Using a ML-like Loss Function#

In the end one likely wants to combine optimizing cuts with a more traditional ML-like set of cuts. Instead of the \(S/\sqrt{B}\) lets use the classification loss function that is more standard and see how that performs.

import jax
import jax.numpy as jnp
import numpy
import matplotlib.pyplot as plt
from samples import data_back, sig_avg, sig_width
from jax_helpers import erf

_ = plt.ion()
WARNING:absl:No GPU/TPU found, falling back to CPU. (Set TF_CPP_MIN_LOG_LEVEL=0 and rerun for more info.)

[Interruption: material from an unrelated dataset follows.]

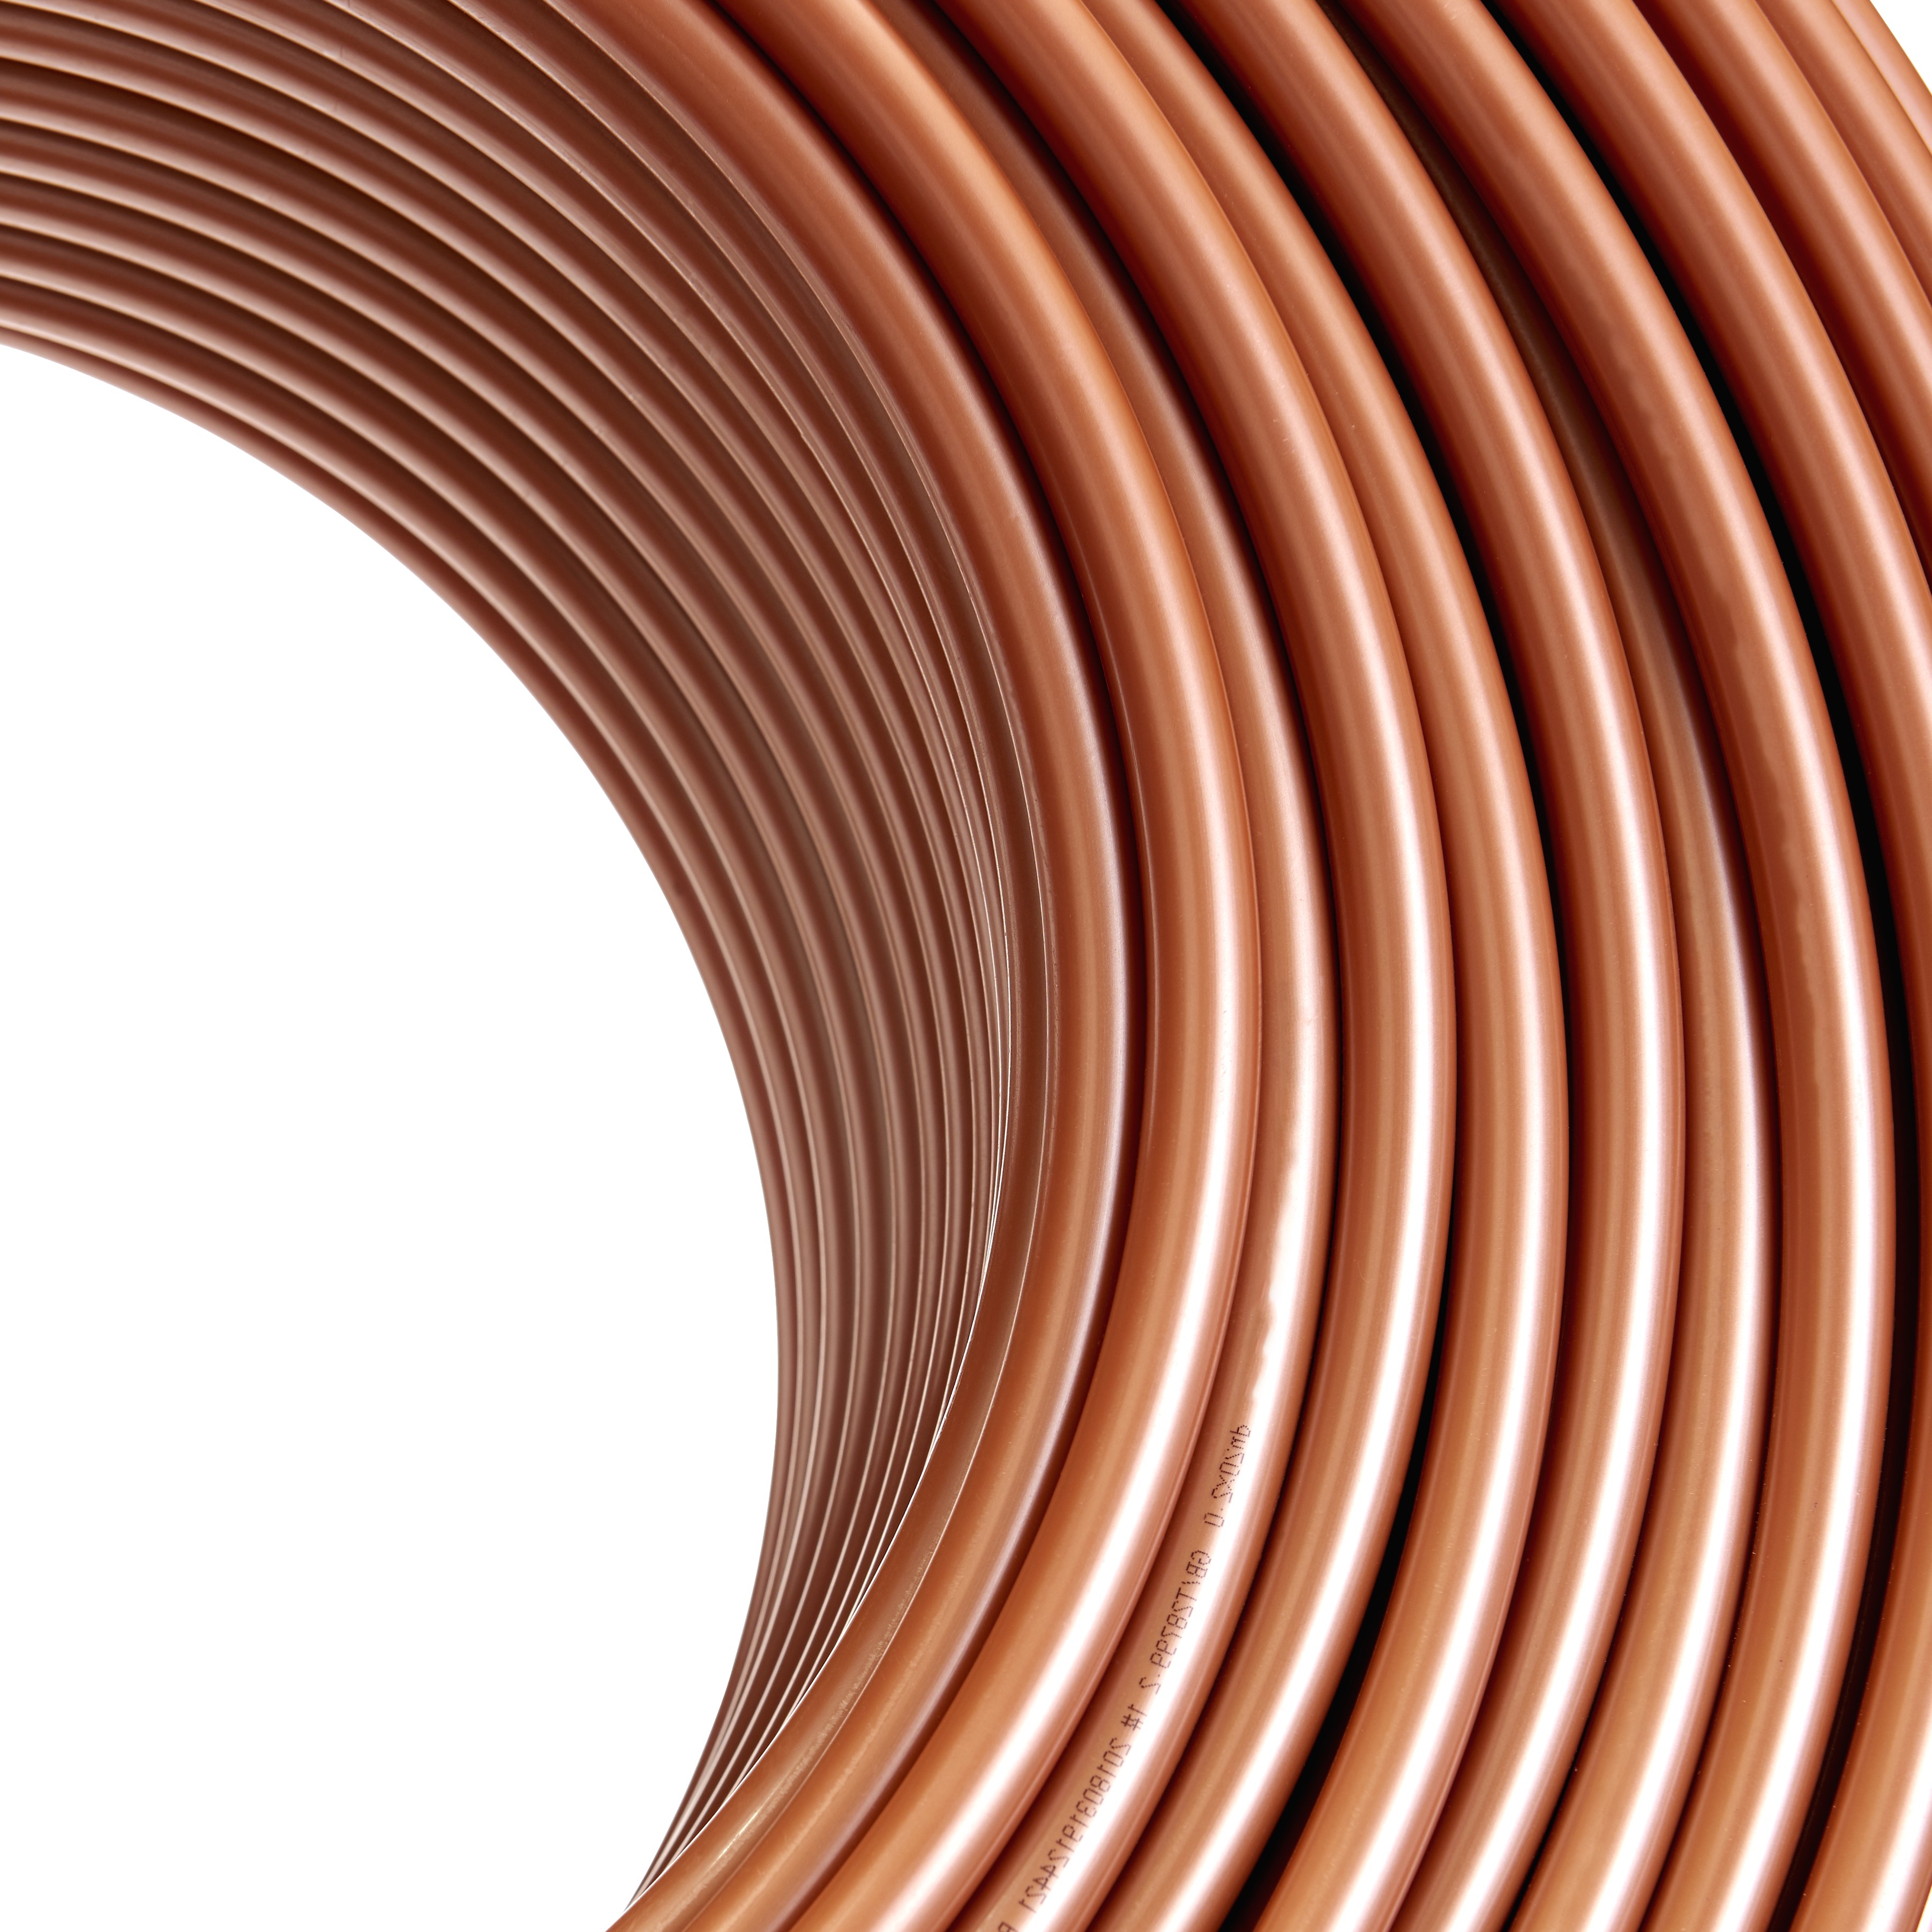 Rose gold floor heating coil

Create a complete array that has the values and the answers. The current signal and background samples aren’t the same size. This just makes the loss function harder to see. So - lets create a signal sample that is as big as the background sample.

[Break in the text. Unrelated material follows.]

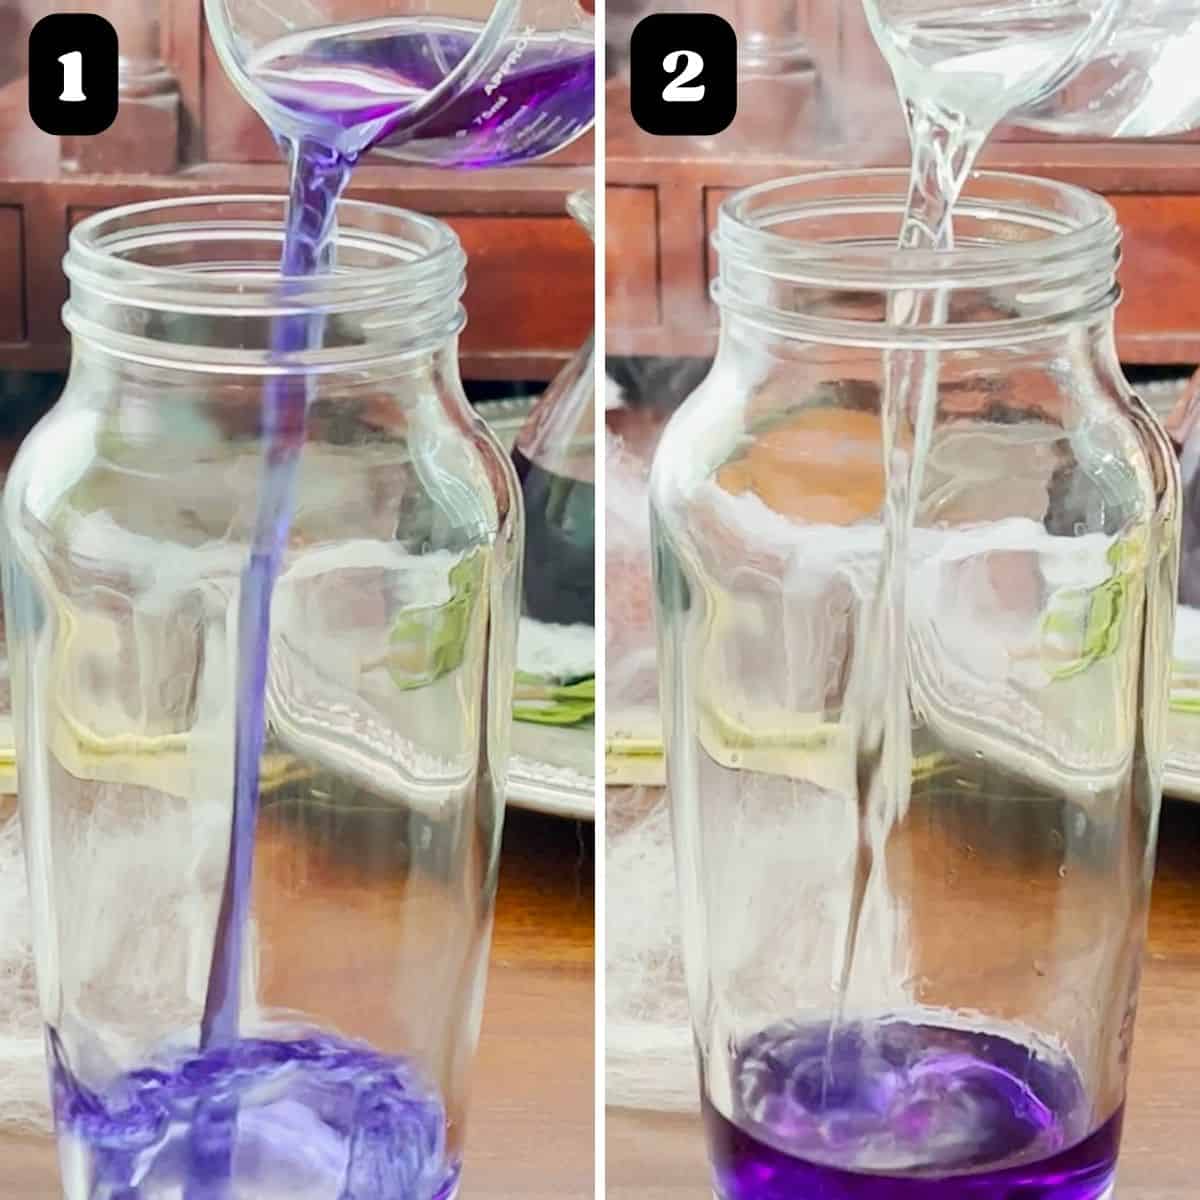 On left, butterfly pea flower vodka is poured into a shaker. On the right, orange liqueur is poured in.

data_sig = numpy.random.normal(sig_avg, sig_width, len(data_back))

training_data = jnp.concatenate((data_back, data_sig))
training_truth = jnp.concatenate((jnp.zeros(len(data_back)), jnp.ones(len(data_sig))))

Loss Function#

A standard distance function:

def predict(c: float):
    'Predict if background or signal depending on the cut'
    return erf(training_data, c)

def loss(c: float):
    return jnp.sum((predict(c) - training_truth)**2)
cut_values = numpy.linspace(-10.0, 10.0, 100)
cut_loss = numpy.array([loss(c) for c in cut_values])
plt.plot(cut_values, cut_loss)
plt.xlabel('Cut Value')
plt.ylabel(r'Loss')
# plt.axvline(cut_values[max_index], color='green')
# plt.text(cut_values[max_index]+0.2, s_sqrt_b[max_index]/2.0, f'{cut_values[max_index]:0.3}', rotation=90)
plt.show()
_images/ml_loss_7_0.png

Gradient#

Look at the gradient of that function now

grad = jax.grad(loss)
plt.plot(cut_values, numpy.array([grad(c) for c in cut_values]))
plt.xlabel('Cut Value')
plt.ylabel(r'Gradient vs cut value of the loss')
plt.axhline(0.0, color='black', linestyle='dashed')
plt.show()
_images/ml_loss_10_0.png

Gradient Descent Loop#

Repeat the learning using gradient descent

LEARNING_RATE = 0.0005

def update_cut(c: float):
    'Run one iteration of the loop, and return a new cut value'

    g_value = grad(c)
    return c - g_value * LEARNING_RATE
c = 0.0
values = []
losses = []
l = -1.0
# log the cuts for tracking values during training
# will get used in next chapter.
with open('_cut.log', 'w') as out:
    for count in range(0, 50):
        l = loss(c)
        values.append(c)
        losses.append(l)
        c = update_cut(c)
        out.write(f'{c}\n')
print(f'final cut is {c:0.3} with loss {l}')
final cut is 3.26 with loss 2082.857177734375
fig, ax1 = plt.subplots() 

ax1.plot (range(0,len(losses)), losses, label=r'$S/\sqrt{B}$', color='blue')
ax1.set_ylabel(r'Loss', color='blue')
ax1.tick_params(axis ='y', labelcolor = 'blue')
ax2 = ax1.twinx()
ax2.set_ylabel('Cut Value', color='orange')
ax2.plot (range(0, len(values)), values, label='Cut Value', color='orange')
ax2.tick_params(axis ='y', labelcolor = 'orange')
plt.xlabel('Training Iteration')
plt.show()
_images/ml_loss_14_0.png

The 3.26 is close to the 3.62 that we found previously with \(S/\sqrt{B}\). However, the loss function is much better behaved and we did not have to choose our starting point for the cut carefully at all!

In a real experiment, we’d use the final likelihood in order to determine this value rather than a simple loss function. However, this will do for the rest of experiments.